The hardware requirements are listed in terms of Windows performance ratings. CPU, RAM, and Disk should be rated at 4.0 or higher, while both graphics numbers should be at 5.0. You will also need “a monitor that is capable of 1280 × 960 screen resolution or a widescreen monitor that is capable of 1440 × 900 screen resolution.” Support for touch screens isn’t mentioned as a requirement in any of the documentation and the mouse can be used to simulate gestures.

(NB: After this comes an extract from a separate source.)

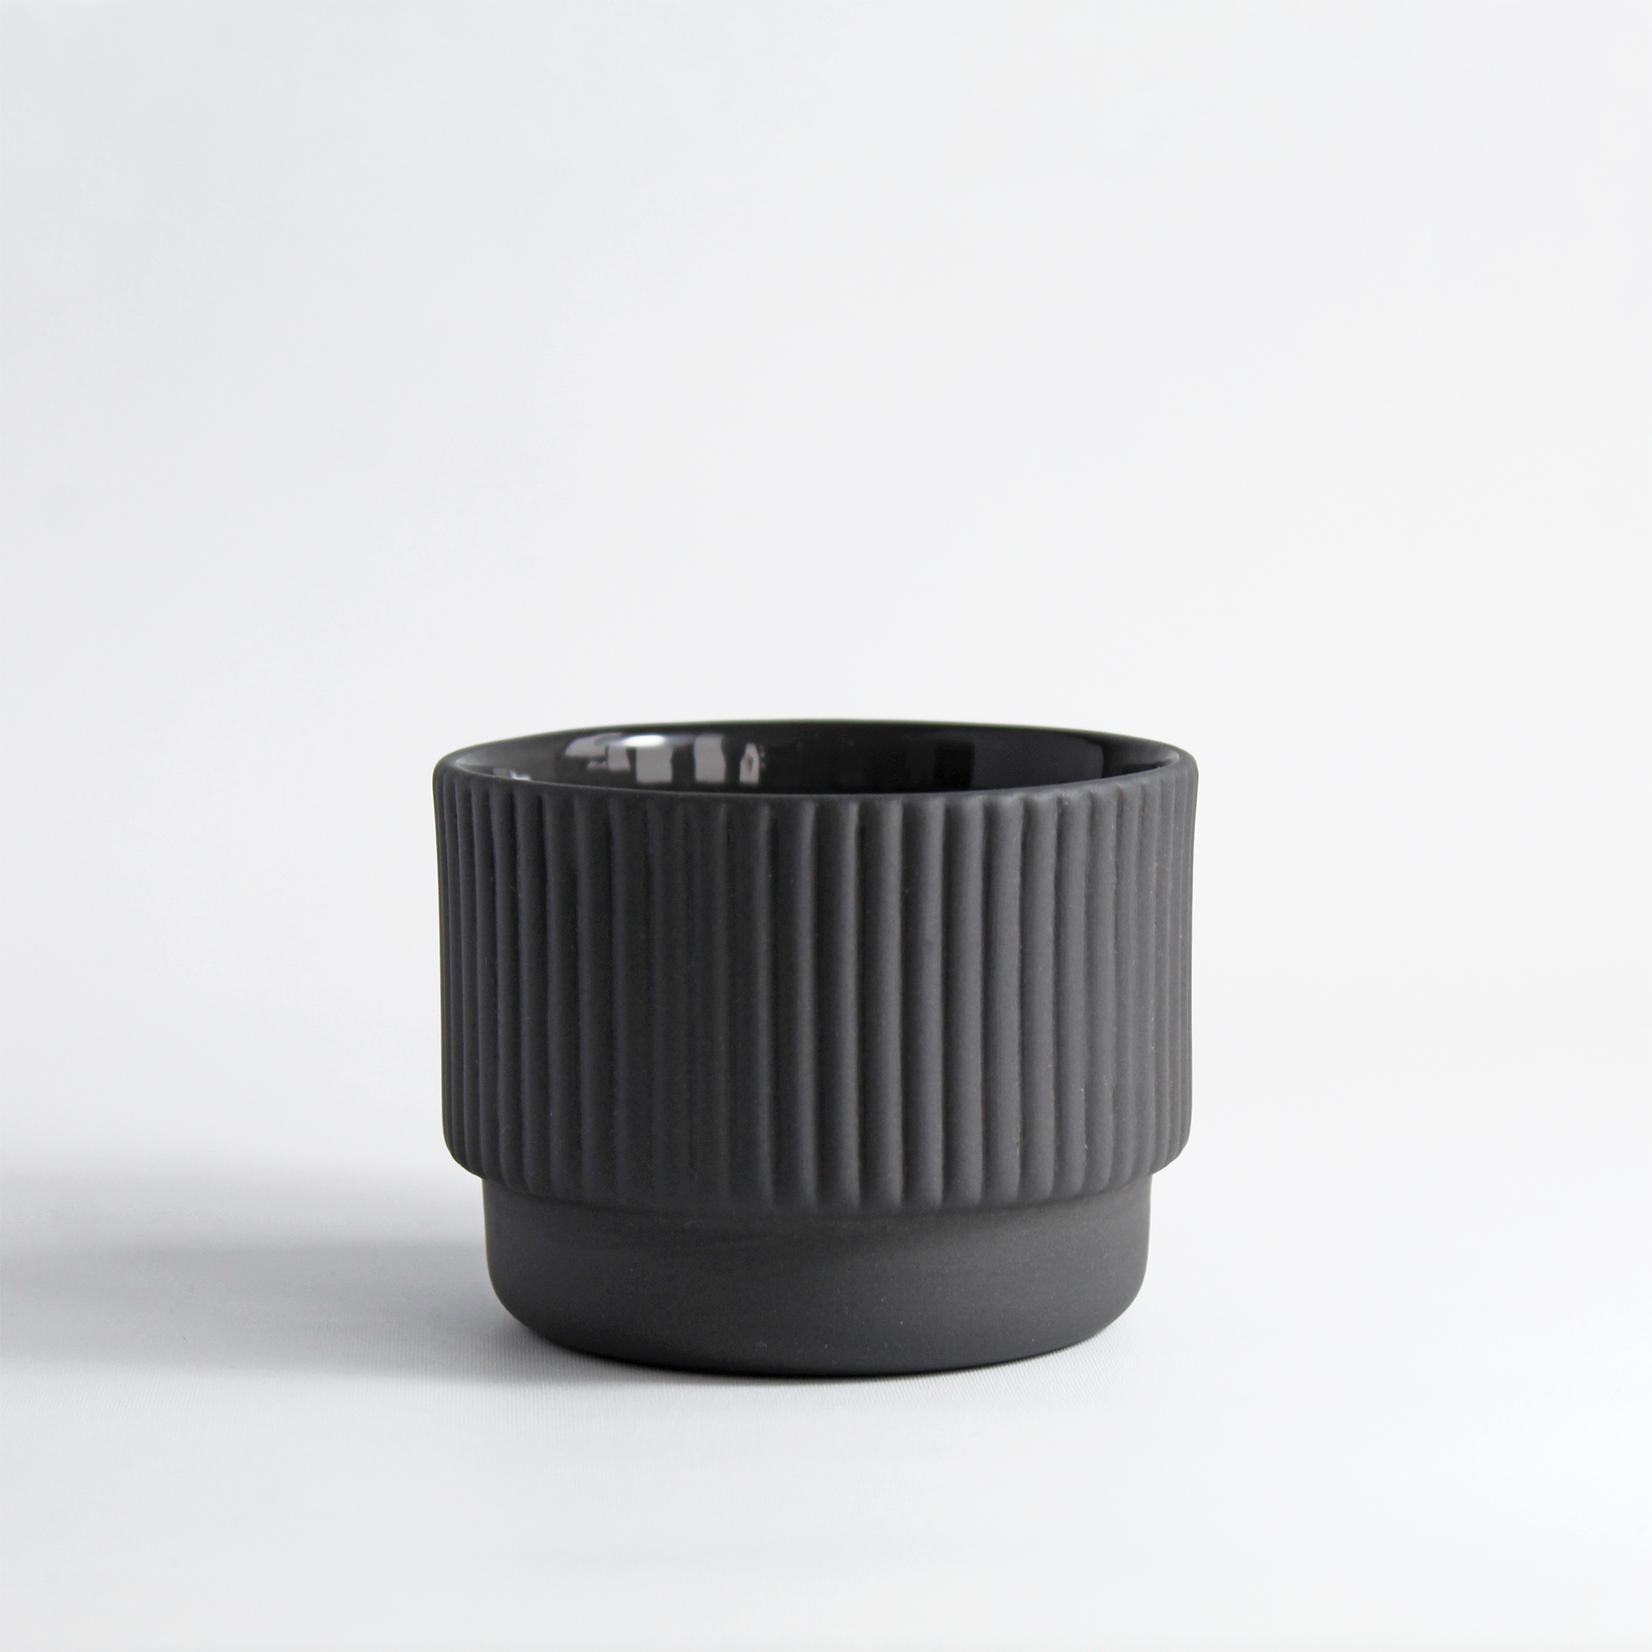 Archive Studio Archive Studio Handmade Cappuccino Cup Ribbed Dark Grey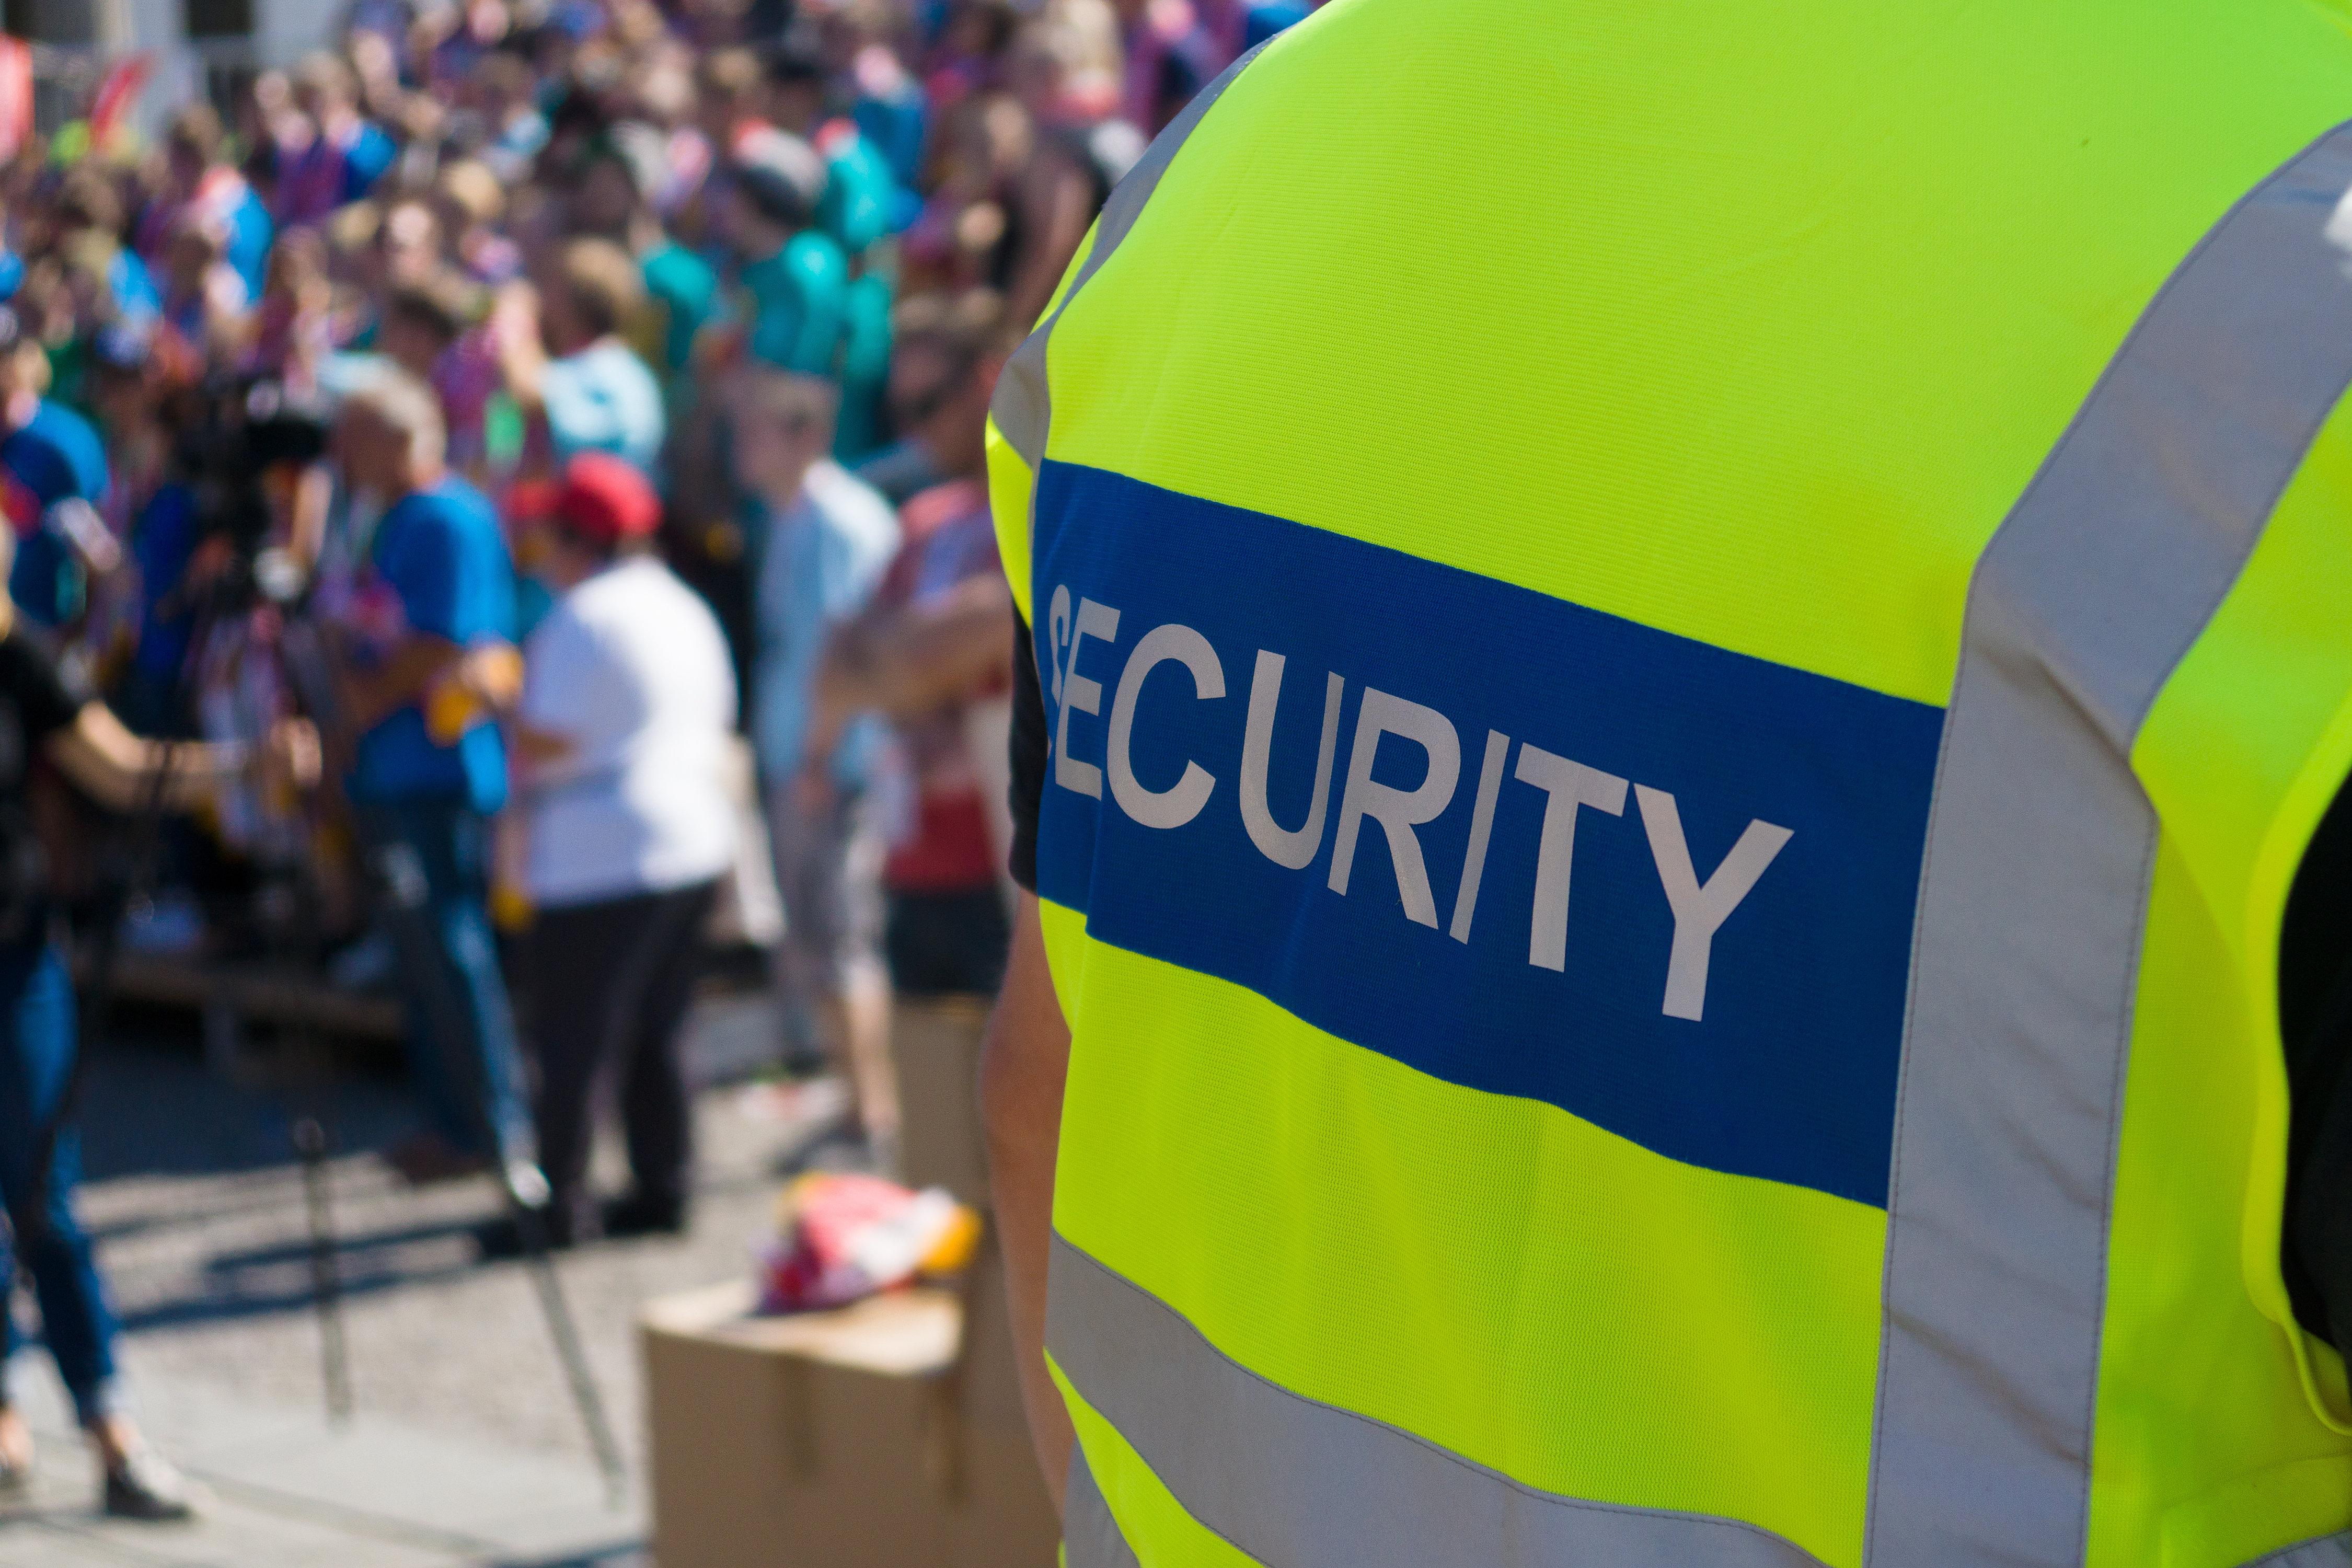 https://0201.nccdn.net/1_2/000/000/186/e7a/jibc-bst-basic-security-training-security-protection-services-ww.jpg

The wide-spread release of the Surface SDK comes with a Service Pack that adds some API enhancements. The classes getting new functionality include ScatterView, Contact, TagVisualizer, and SurfaceSlider. New classes include a playback mechanism for recorded simulator scripts and the base classes SurfaceSelector and SurfaceHeaderedItemsControl.
Amongst the development tools is a stress generator. This tool can send randomly generated input, optionally “parameterized by types, sizes, velocities of contacts, regions where the contacts should appear, the rate of appearance, the contact density, and whether the simulated contacts can touch the Surface Shell access points.” For reproducibility, the randomization can be based on a seed value.
Support for “Service Applications” has been added. These are like Windows Services in that they don’t have user interfaces and persist across user sessions. Service Applications can be automatically restarted if they fail and initiate other Surface applications.
The Surface Shell, which hosts all Surface applications, can now use tags on objects to start the application associated with the tag.
In addition to the SDK download itself, there is a lot of useful information in the release notes and getting started documents. You will need an XPS reader if you wish to view these documents on a non-Vista OS.